Мир как целое гармоничен, уравновешен, совершенен, самоценен. Но точно так же гармоничен и уравновешен едва ли не каждый кадр фильма, едва ли не каждый предмет, аксессуар, жест, поворот головы, световой рефлекс, смещение тени. Трудно представить себе кинокартину, более актуальную для России — и более далекую от реалий сегодняшнего быта, чем «Переводы с восточного»
1 Широкому зрителю, возможно, знакомы его полнометражные игровые картины «Фауст» и «Кое-что из «Алисы»; они появлялись на пиратских видеокассетах. Однако всему миру он известен прежде всего как постановщик короткометражных фильмов (их около пятидесяти), блестяще варьирующих главный мотив сюрреализма — «соединение несоединимого».
2 Это отмечает, например, живущий в Лондоне иранский мастер-суфий Джавад Нурбахш. — См.: N u r b a k h s h J. The Bestower of Light. London, 1999, p. 124.
3 Вспомним древо ашваттха в Бхагавадгите, растущее корнями вверх — символ эволюционирующего человека, сознание которого, смещенное в тонкий план, доминирует над физической реальностью.
4 Метафора, характерная для христианства, обозначающая устремленность человека от дольнего к горнему.
5 Ср., например, с христианскими представлениями о том, что истинный храм — это не постройка из камня и песка, а сам человек. В этом контексте становится понятным, почему снежные вихри в кадре с героиней поднимаются к небу, а в последующих кадрах с каменным храмом они льнут к земле.
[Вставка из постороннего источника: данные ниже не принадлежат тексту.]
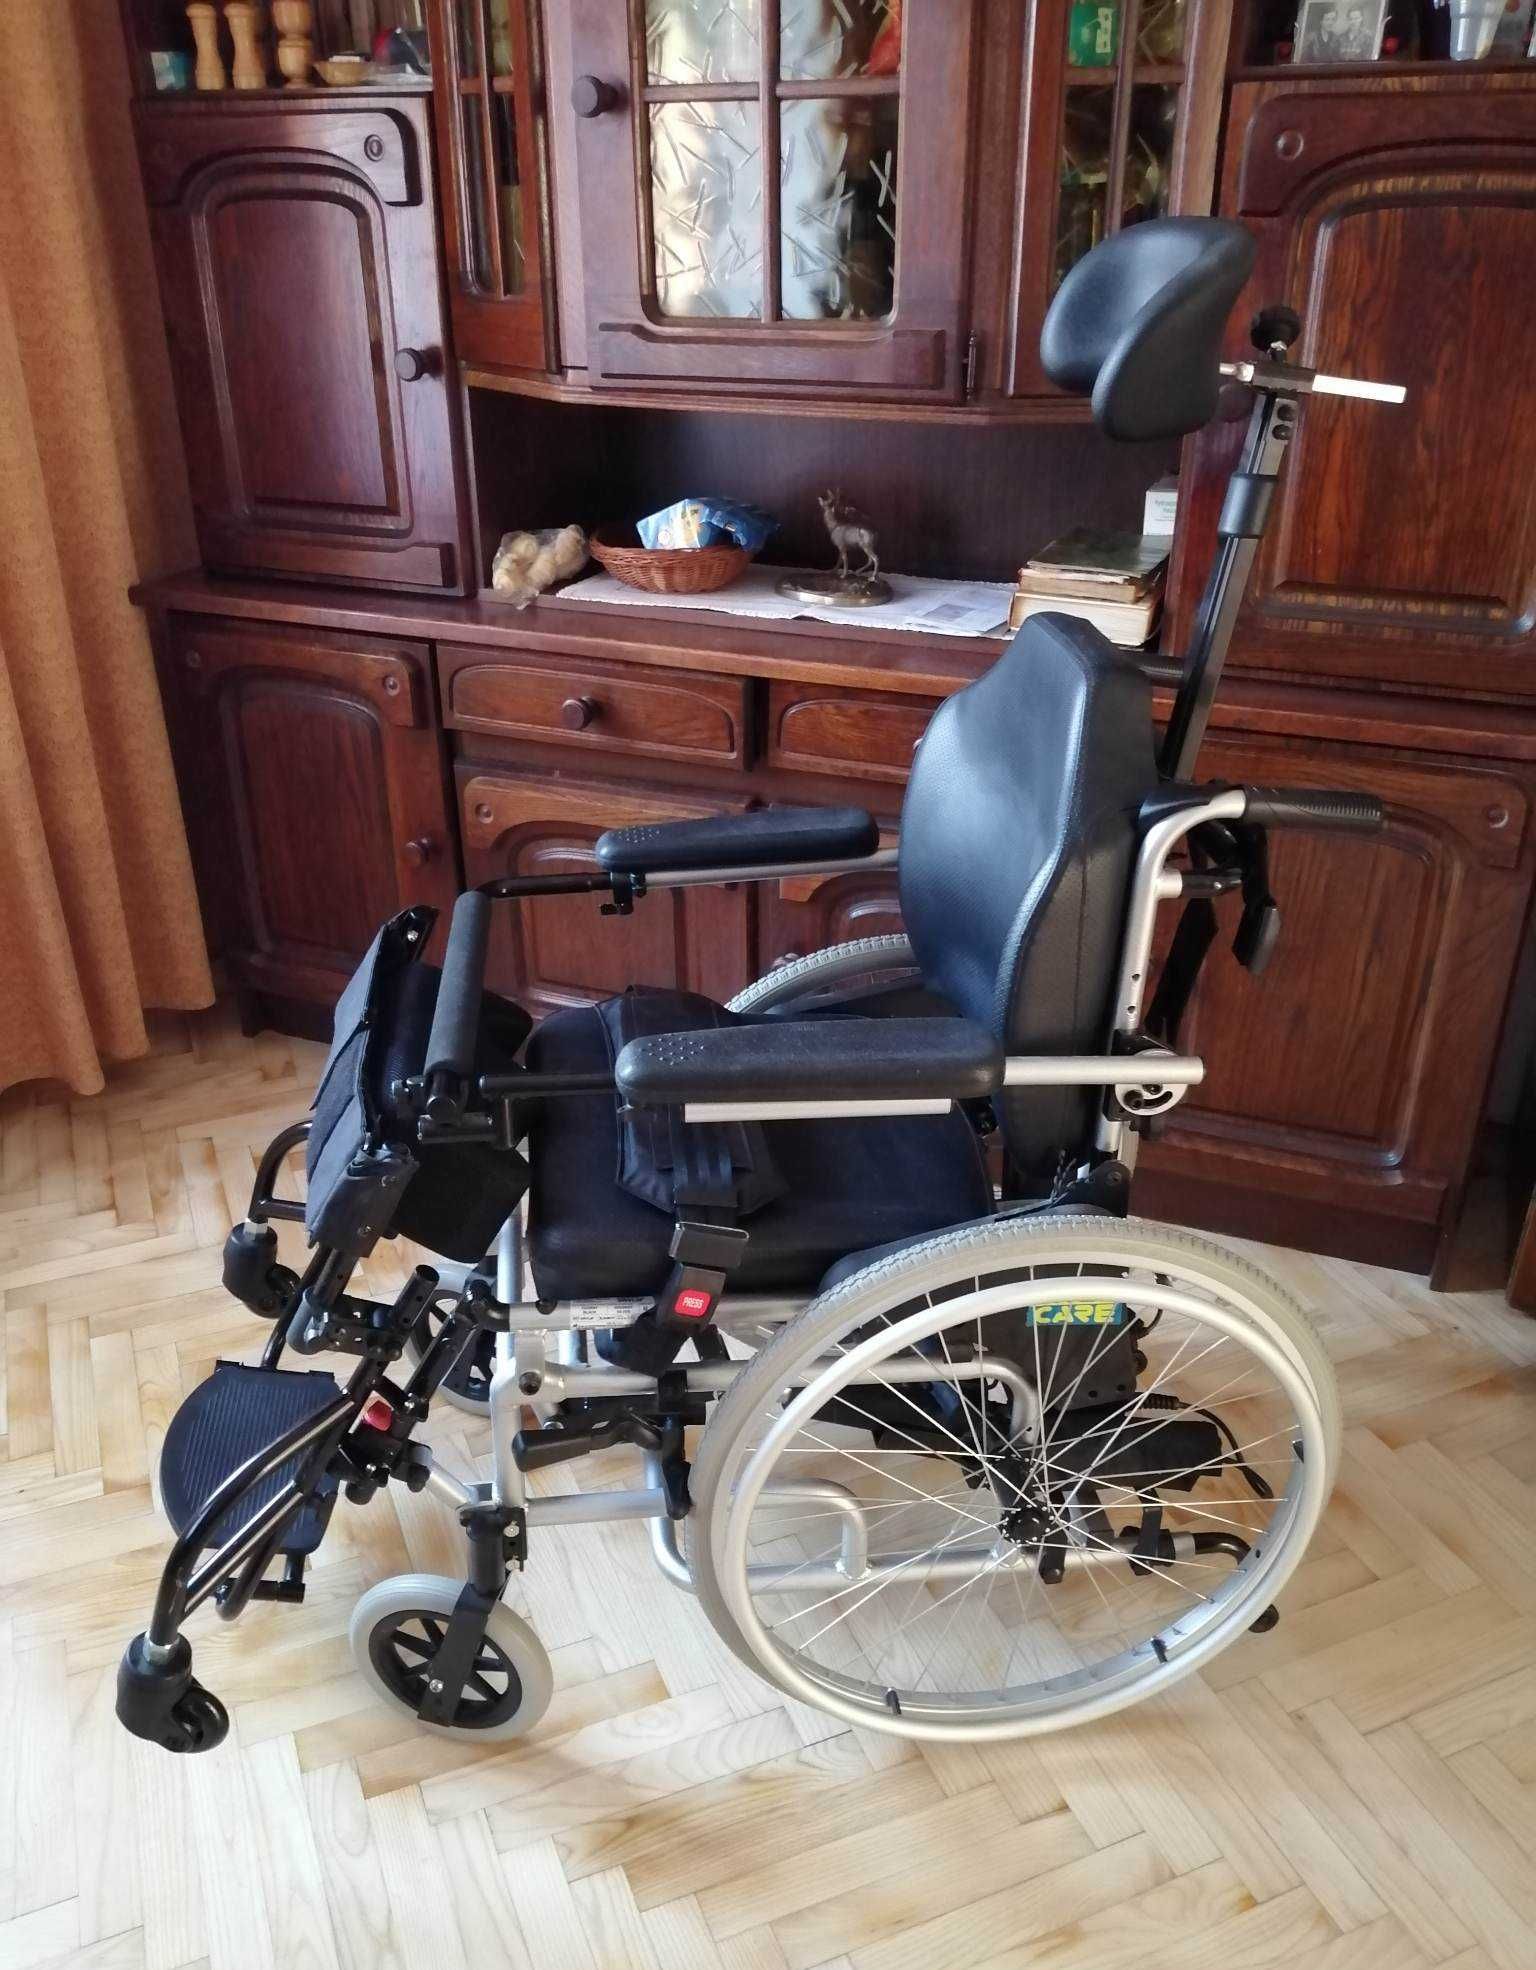 Wózek inwalidzki z funkcją pionizatora firmy Vitea Care model Hero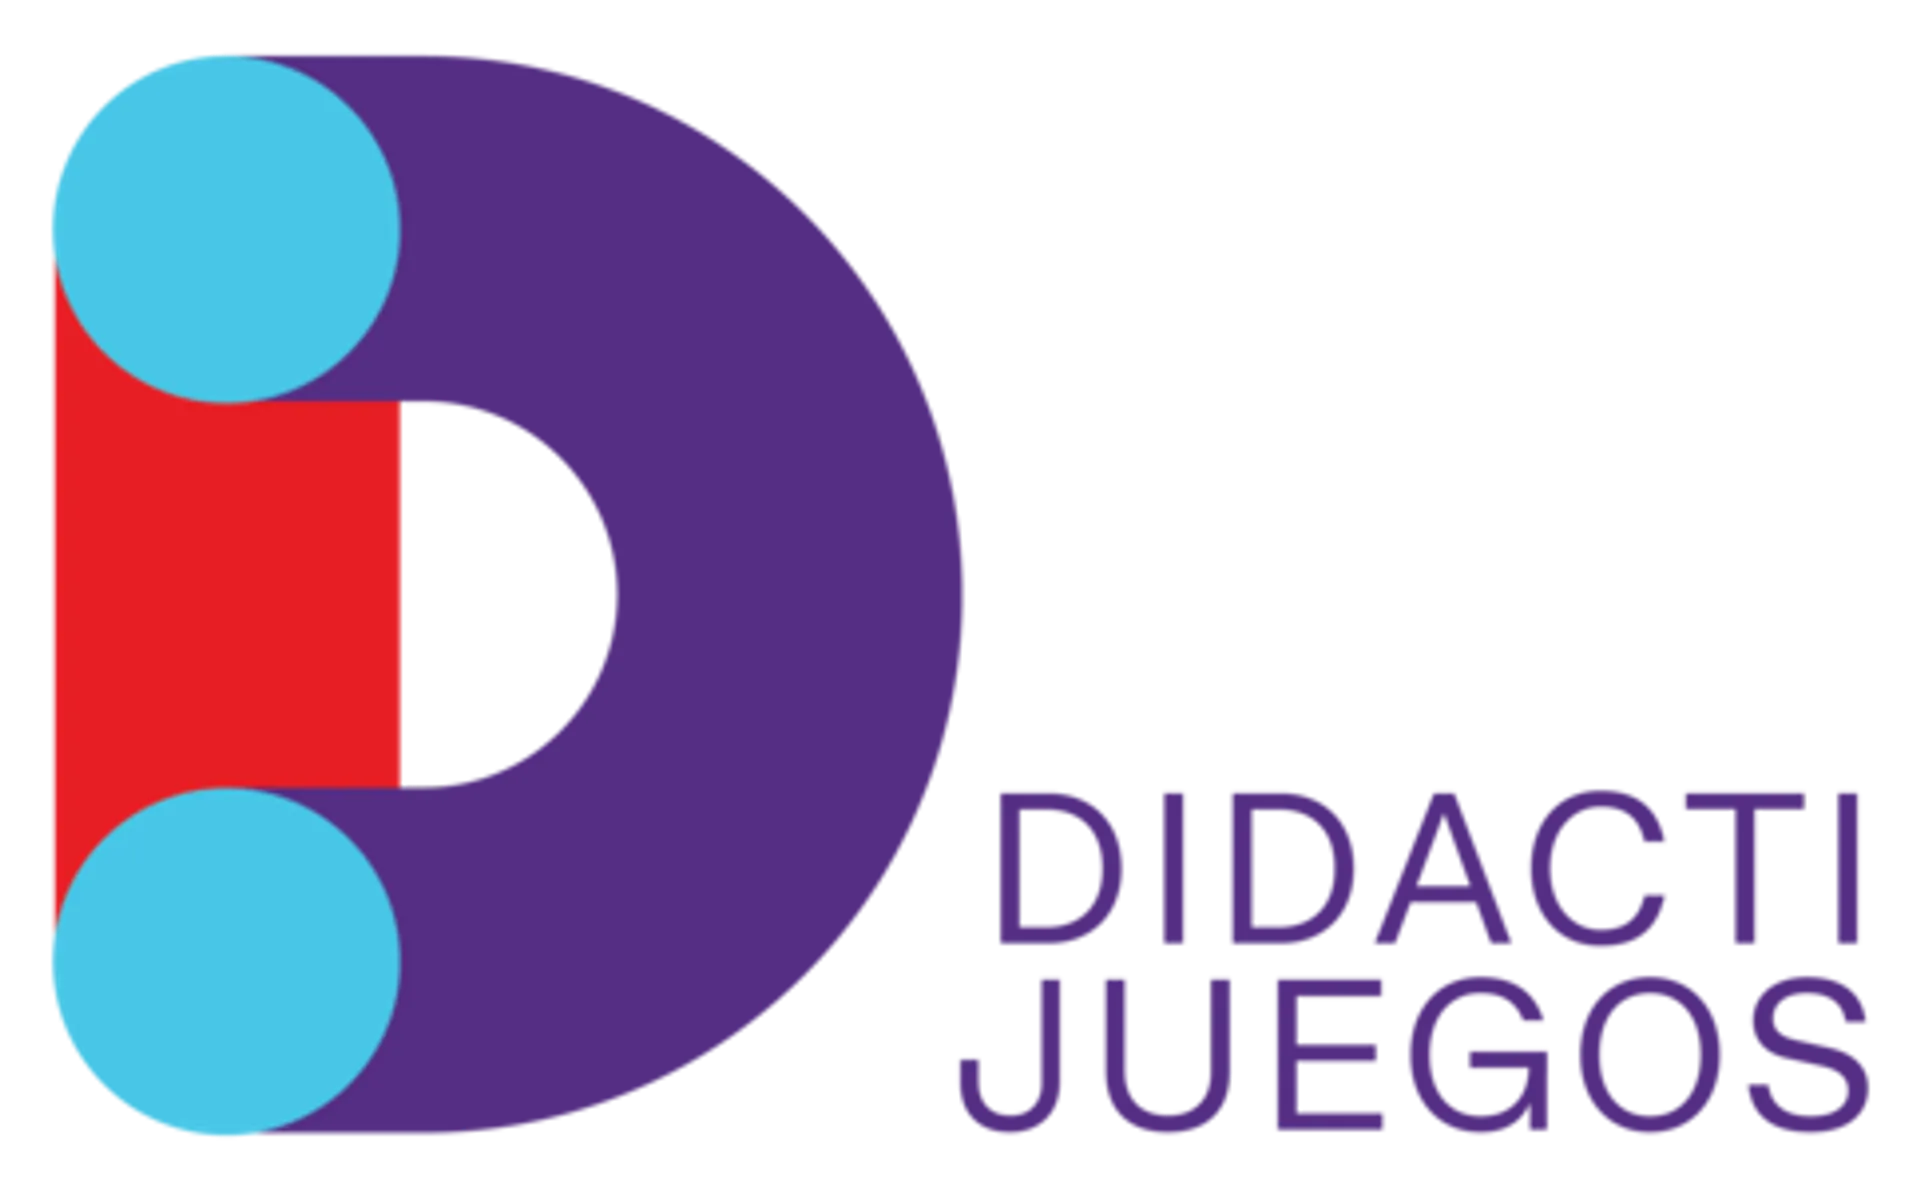 DIDACTI JUEGOS logo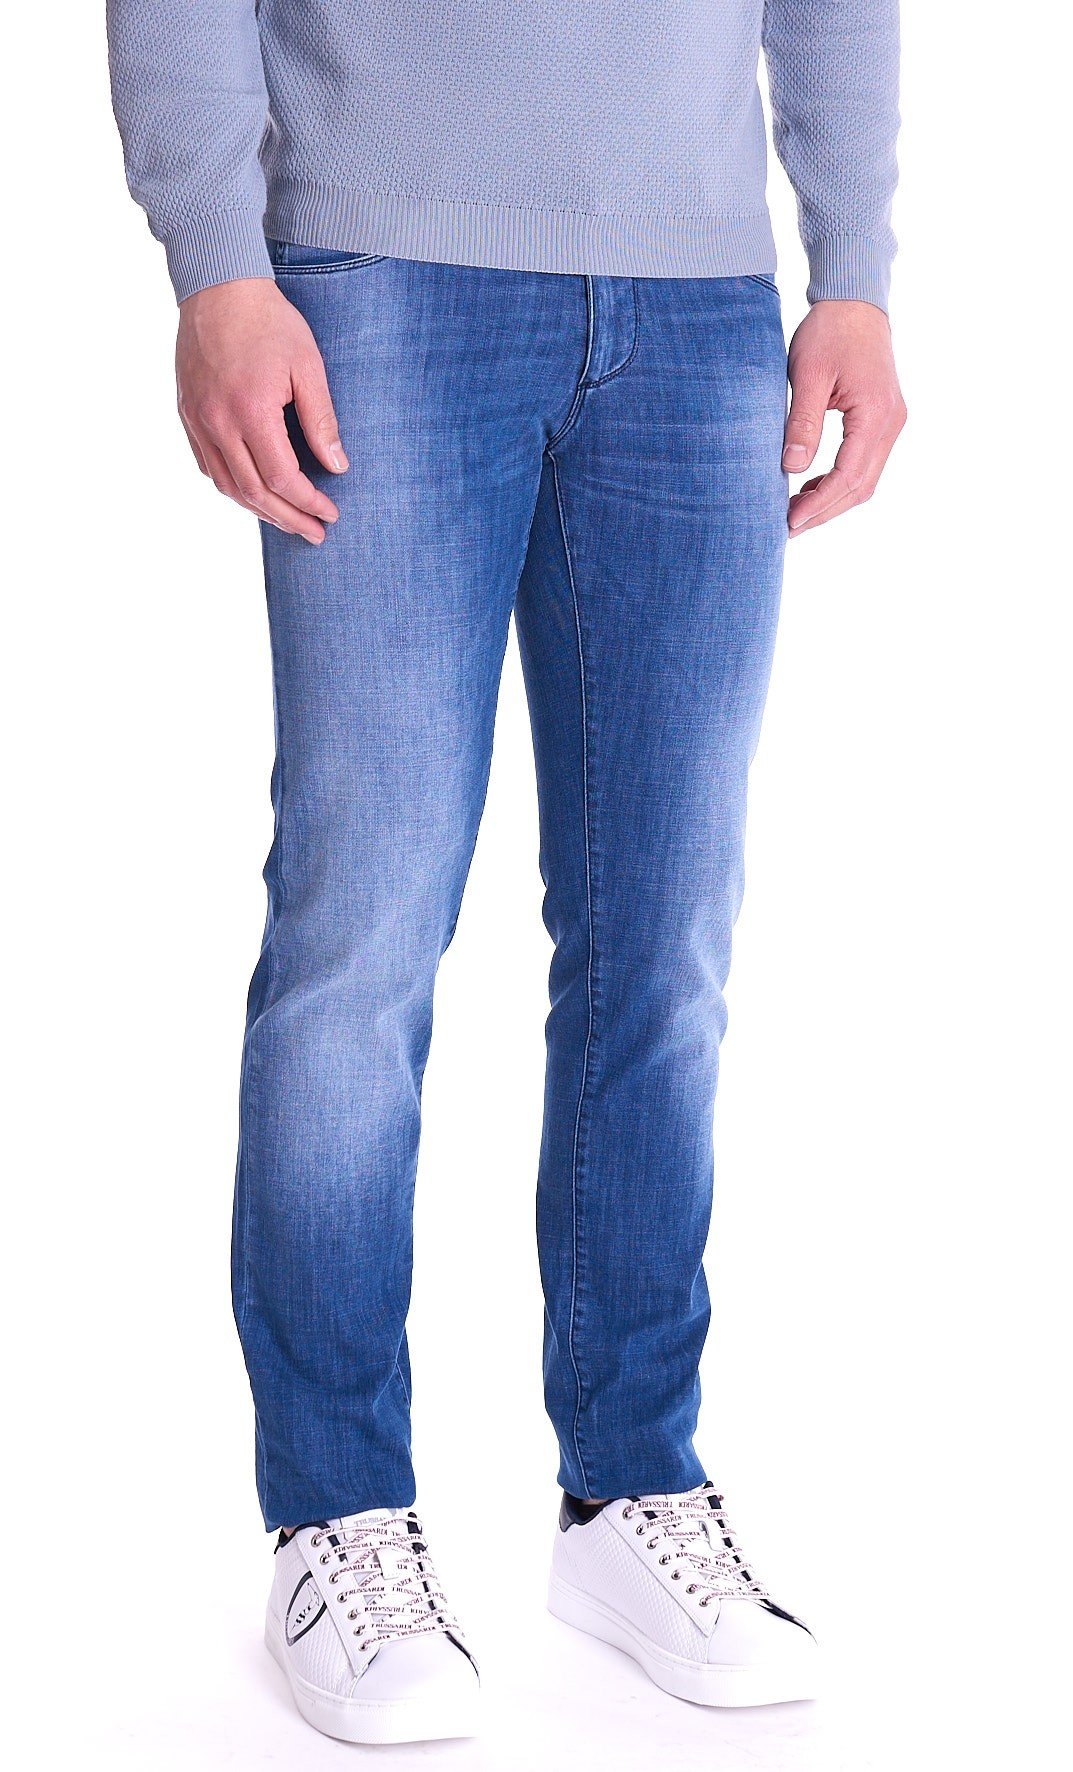 Men's Trussardi jeans 370 close washed denim super stretch blue

6 Я как-то замечал в одной из своих книг, что на самом деле такого человека можно лишить династийного статуса, но невозможно лишить той удивительной культуры и духовной ауры, которая обеспечивает его превосходство практически в любой сфере деятельности, которой он соблаговолит заняться. В пример я приводил Арсения и Андрея Тарковских, чья фамилия происходит от названия существующего до сих пор дагестанского селения Тарки, где исторически располагался двор правителя страны. Невзирая на утрату всех своих социальных привилегий, Арсений Тарковский практически занял трон духовного монарха современной русско-
язычной поэзии, а его сын Андрей занял такое же место не только в российском, но, пожалуй, и в мировом кино.
7 Я пользуюсь терминологией, детально разработанной А.Ф.Лосевым — см., например, его многотомную «Историю античной эстетики».
8 Об этих аспектах восточных духовных искусств см. мои статьи «Искусство чань и дзен» и «Заметки о духовной поэзии средневекового Китая» в сб. «Методология йоги». М., 1993, с. 202 — 239.
9 В 1999 году «Записки у изголовья» были изданы в составе объемистого сборника под общим названием «Буддизм», наконец-то оказавшись в своем «родовом» контексте.
10 Базовый буддийский термин в этом смысле — dukham (санскр.), который часто переводится на русский язык как «страдание». На самом деле в фундаментальных работах по буддизму (см., например, «Вопросы Милинды») «дукхам» понимается как тонкое, бессознательное томление воплощенной души по своему невоплощенному, божественному состоянию. Возможно, акцентация страдательности в популярных русскоязычных переводах буддийских текстов отвечает общей «страдательной» доминанте российского менталитета (ср. с православной концепцией мира как «юдоли скорбей»).
11 «Ямато-моногатари». М., 1982, с. 33.
12 Замечу, что это выражение, часто встречающееся в русских сказках, судя по всему, досталось нам вместе с нашим индоарийским прошлым и является уцелевшим у славян рудиментом индуистских (впоследствии перекочевавших в буддизм) представлений об особых состояниях сознания.